#### What you have to do:
Retype each line of the data below exactly, beginning with the first and ending with the one that contains "understand the limitations". Pictures do not belong in the copy.

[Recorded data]
⟨

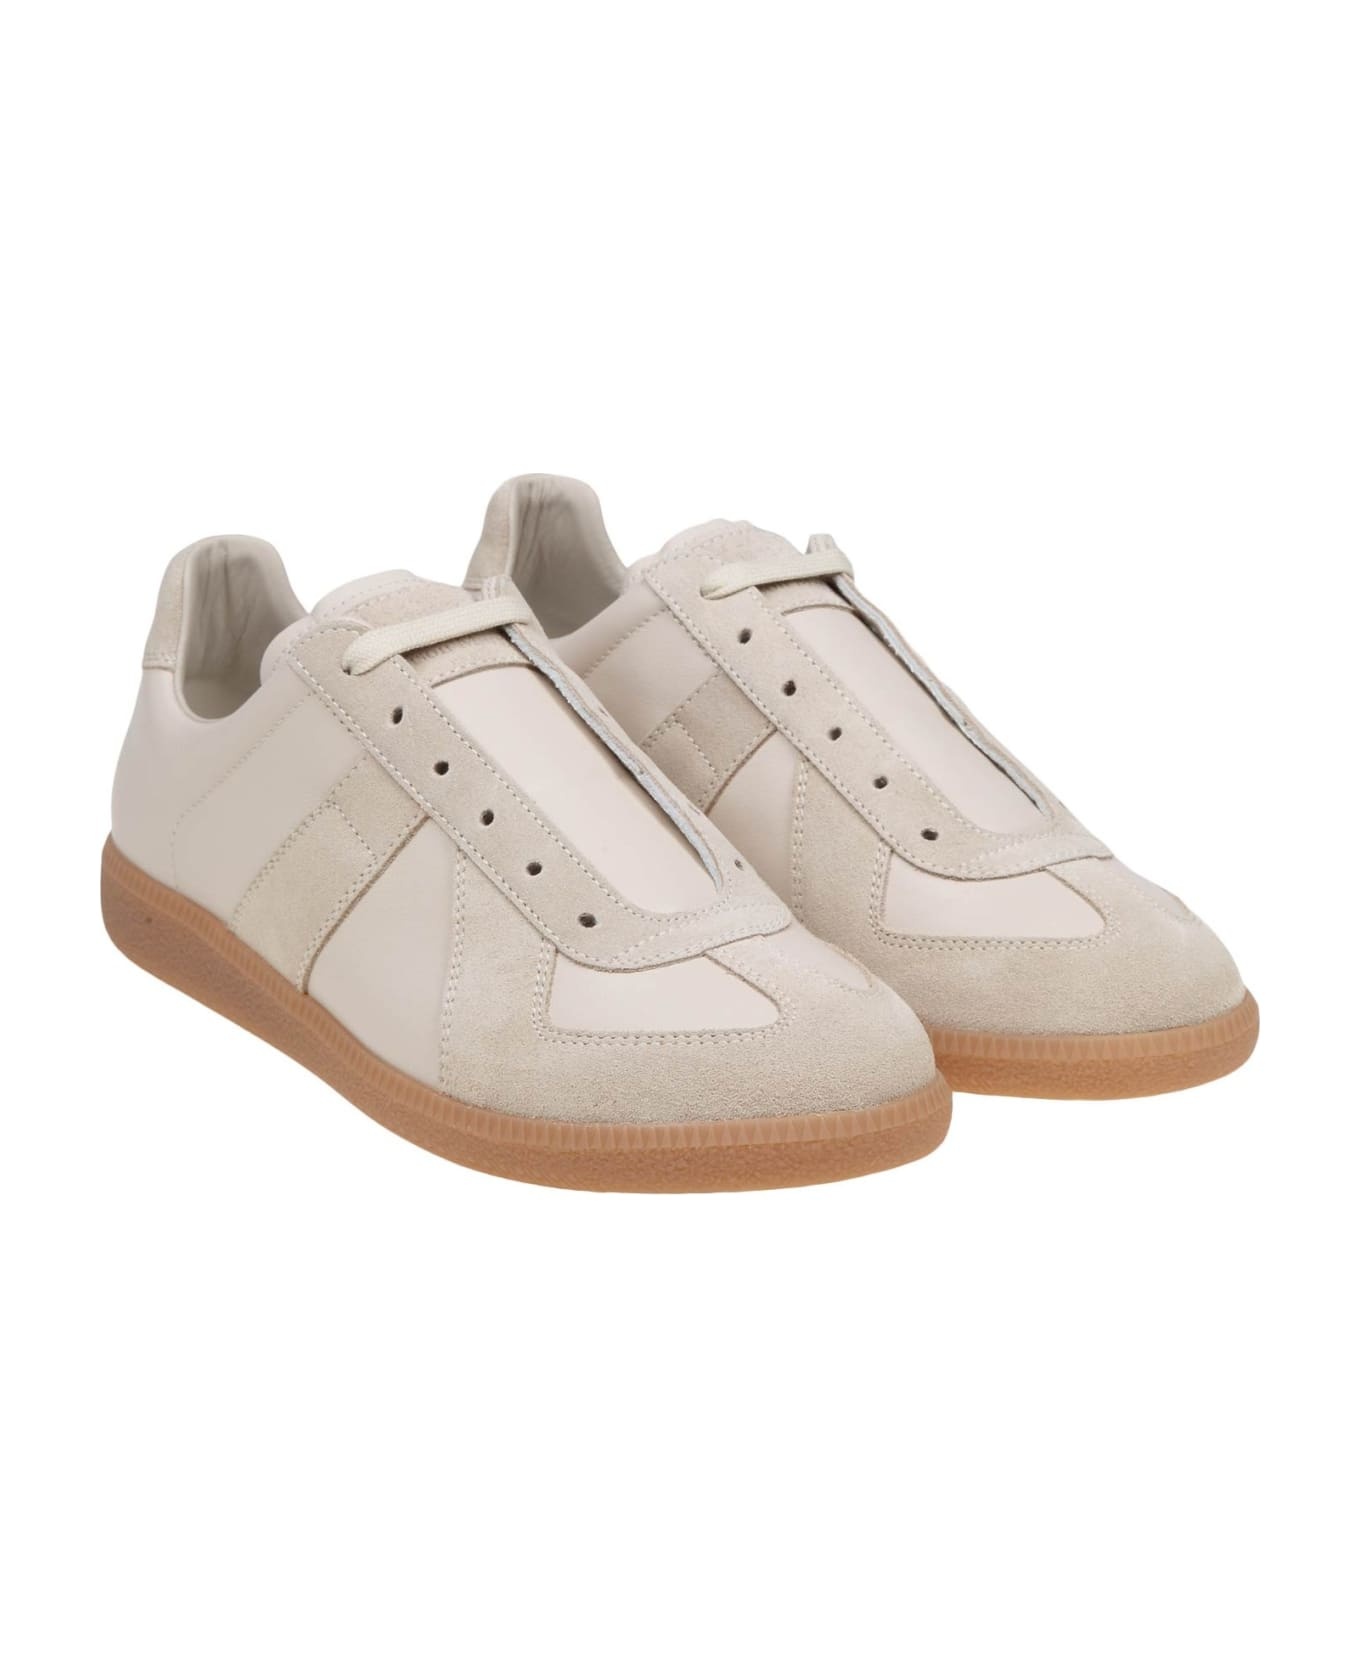 Replica Sneakers In Leather And Suede - 2
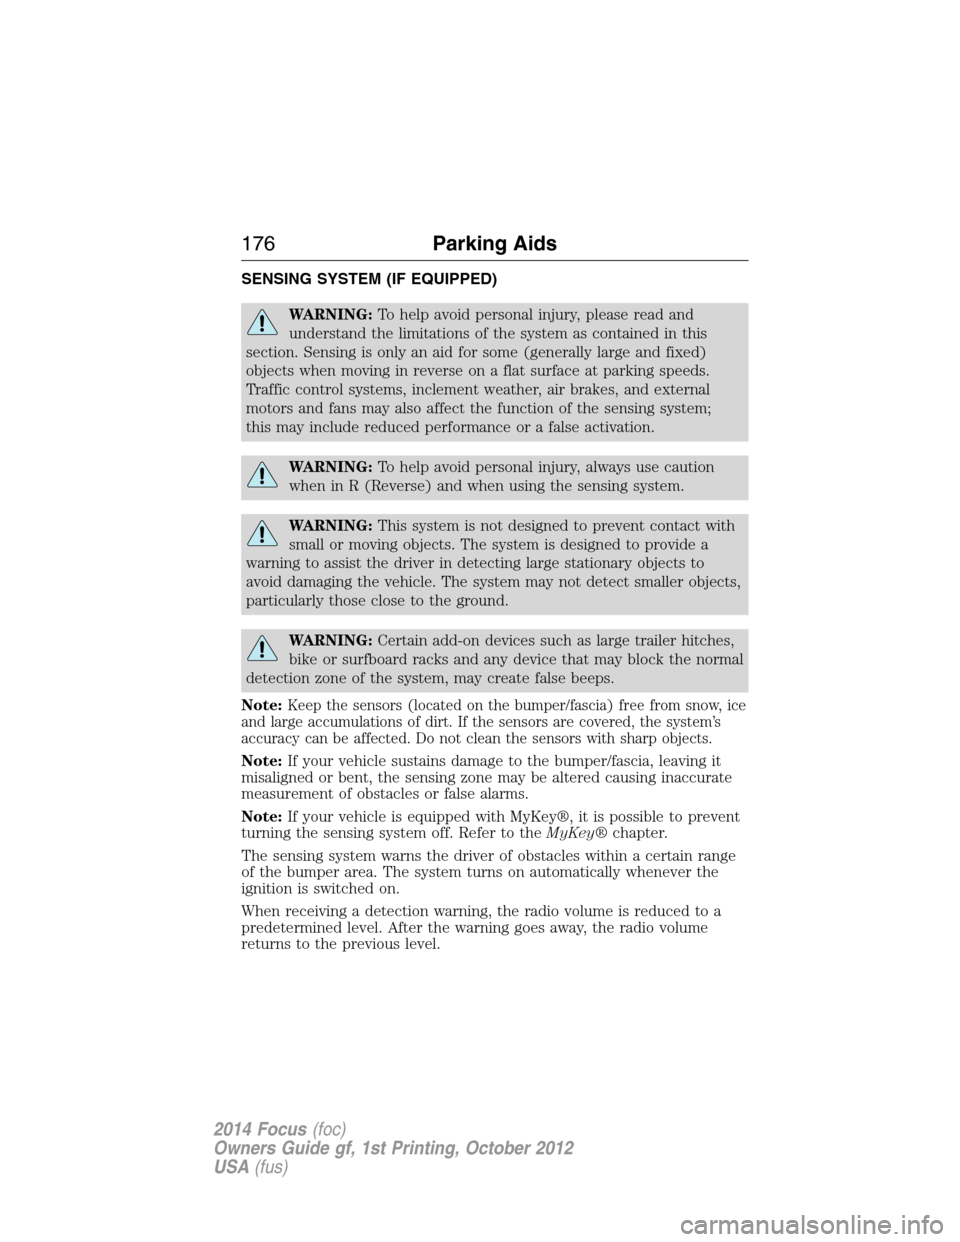 FORD FOCUS 2014 3.G Owners Guide SENSING SYSTEM (IF EQUIPPED)
WARNING:To help avoid personal injury, please read and
understand the limitations of the system as contained in this
section. Sensing is only an aid for some (generally la
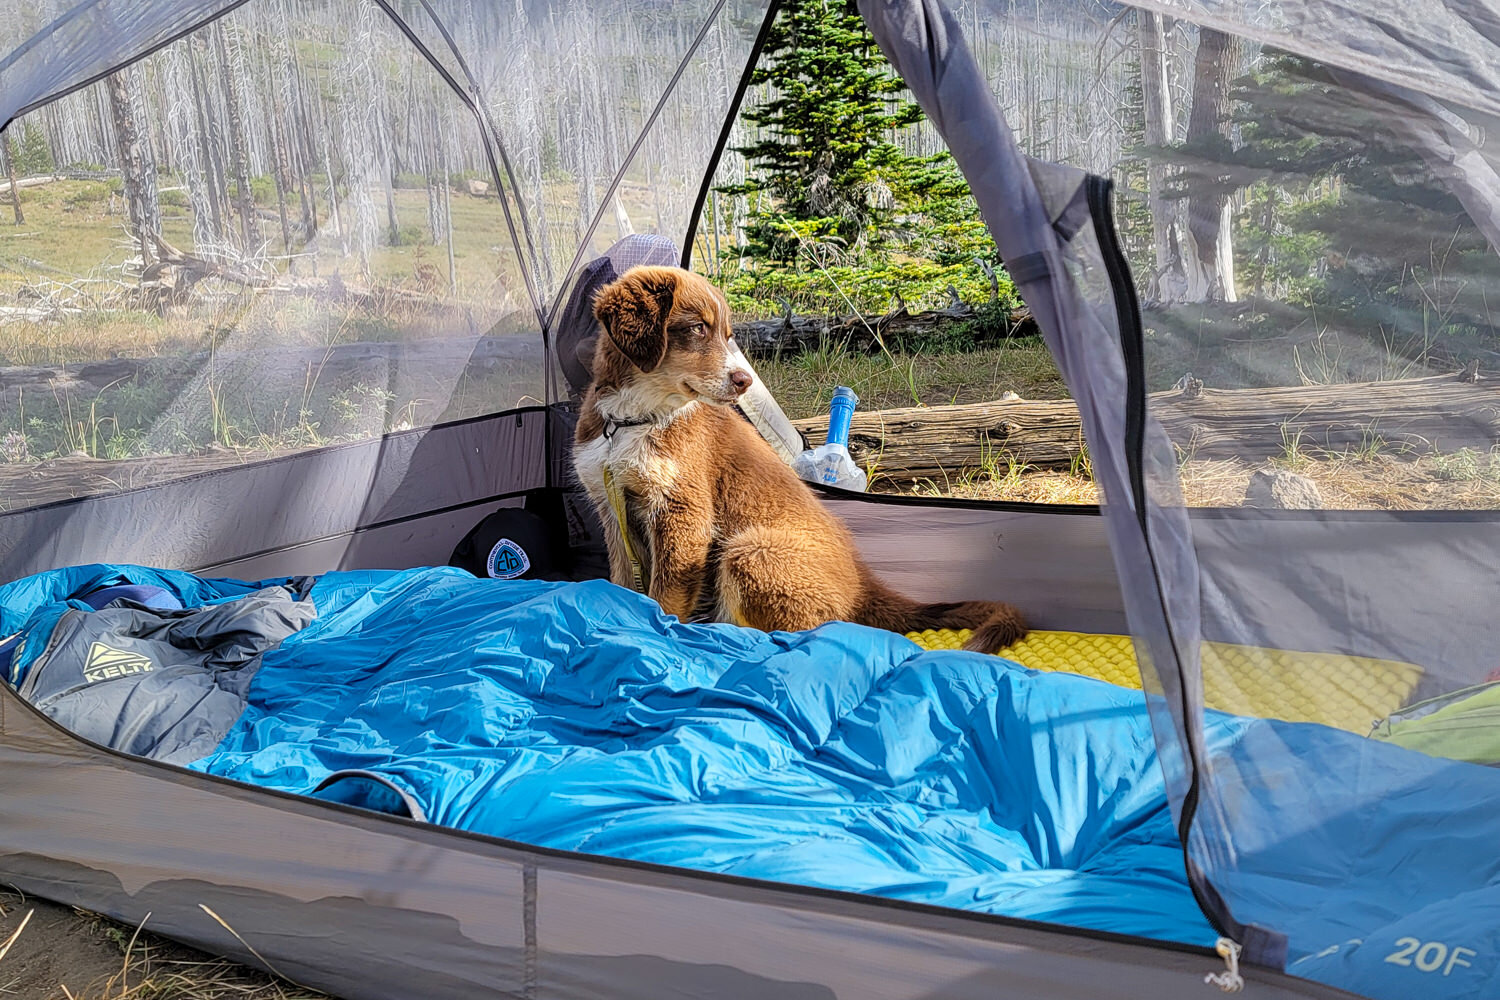 The Kelty Cosmic Down 20 is affordable & durable so it’s a great choice for backpacking with a furry companion
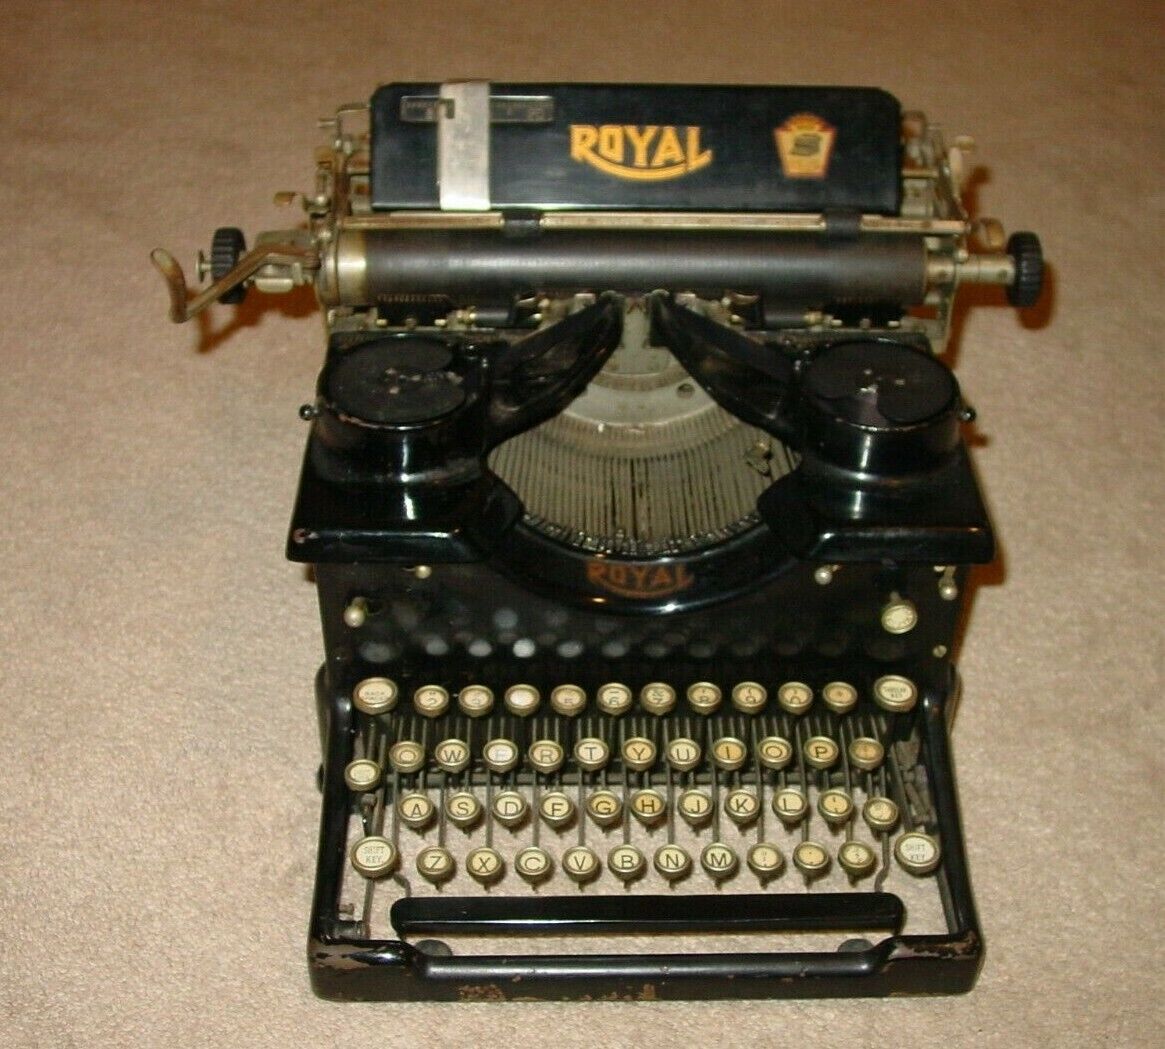 ANTIQUE 1915 ROYAL NO 10 TYPEWRITER 2ND VARIATION DOUBLE GLASS SIDES REGAL 
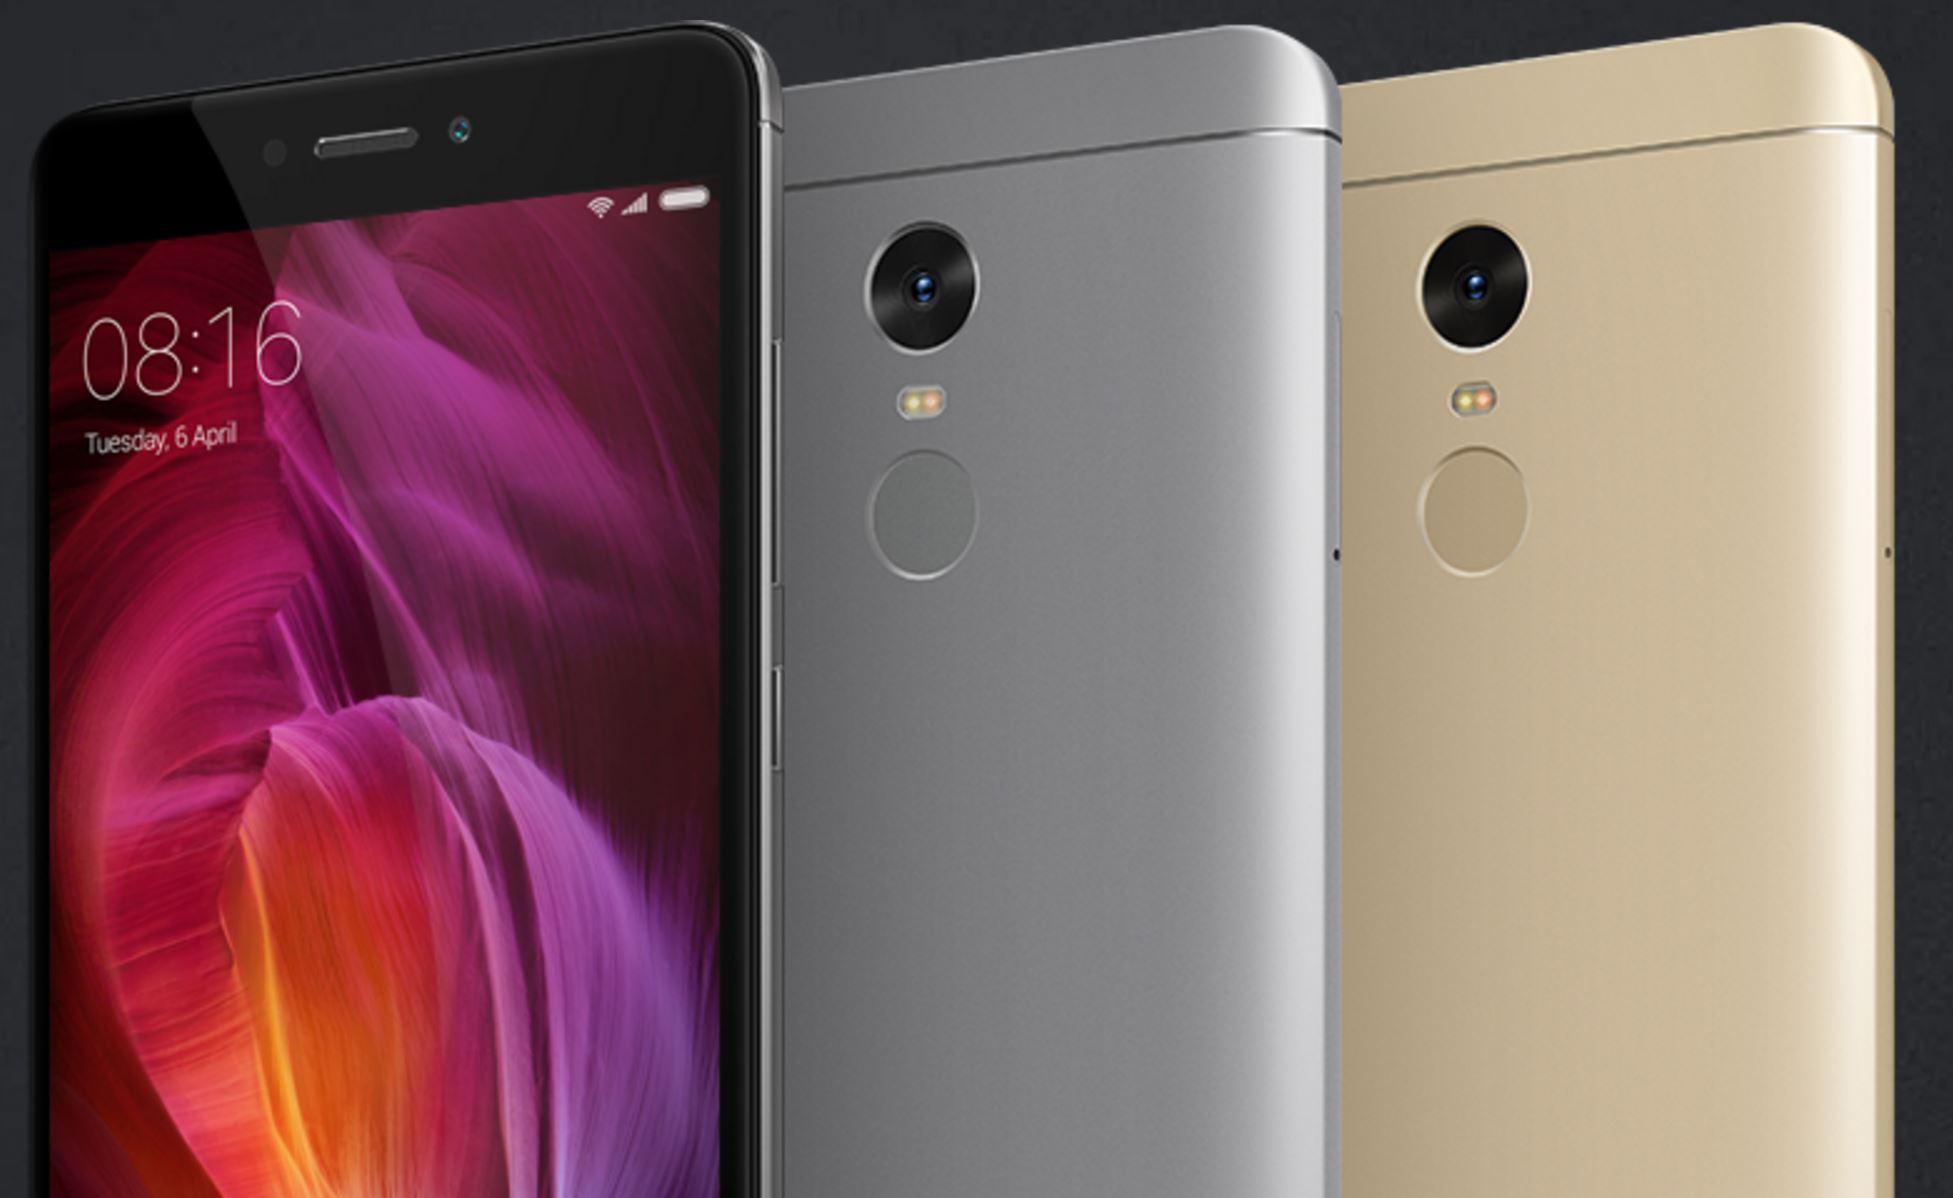 Xiaomi Redmi Note 4 Launched in India Starting @ INR 9999

⟩

#### Your response:
 Replica Sneakers In Leather And Suede - 2
 FORD FOCUS 2014 3.G Owners Guide SENSING SYSTEM (IF EQUIPPED)
WARNING:To help avoid personal injury, please read and
understand the limitations of the system as contained in this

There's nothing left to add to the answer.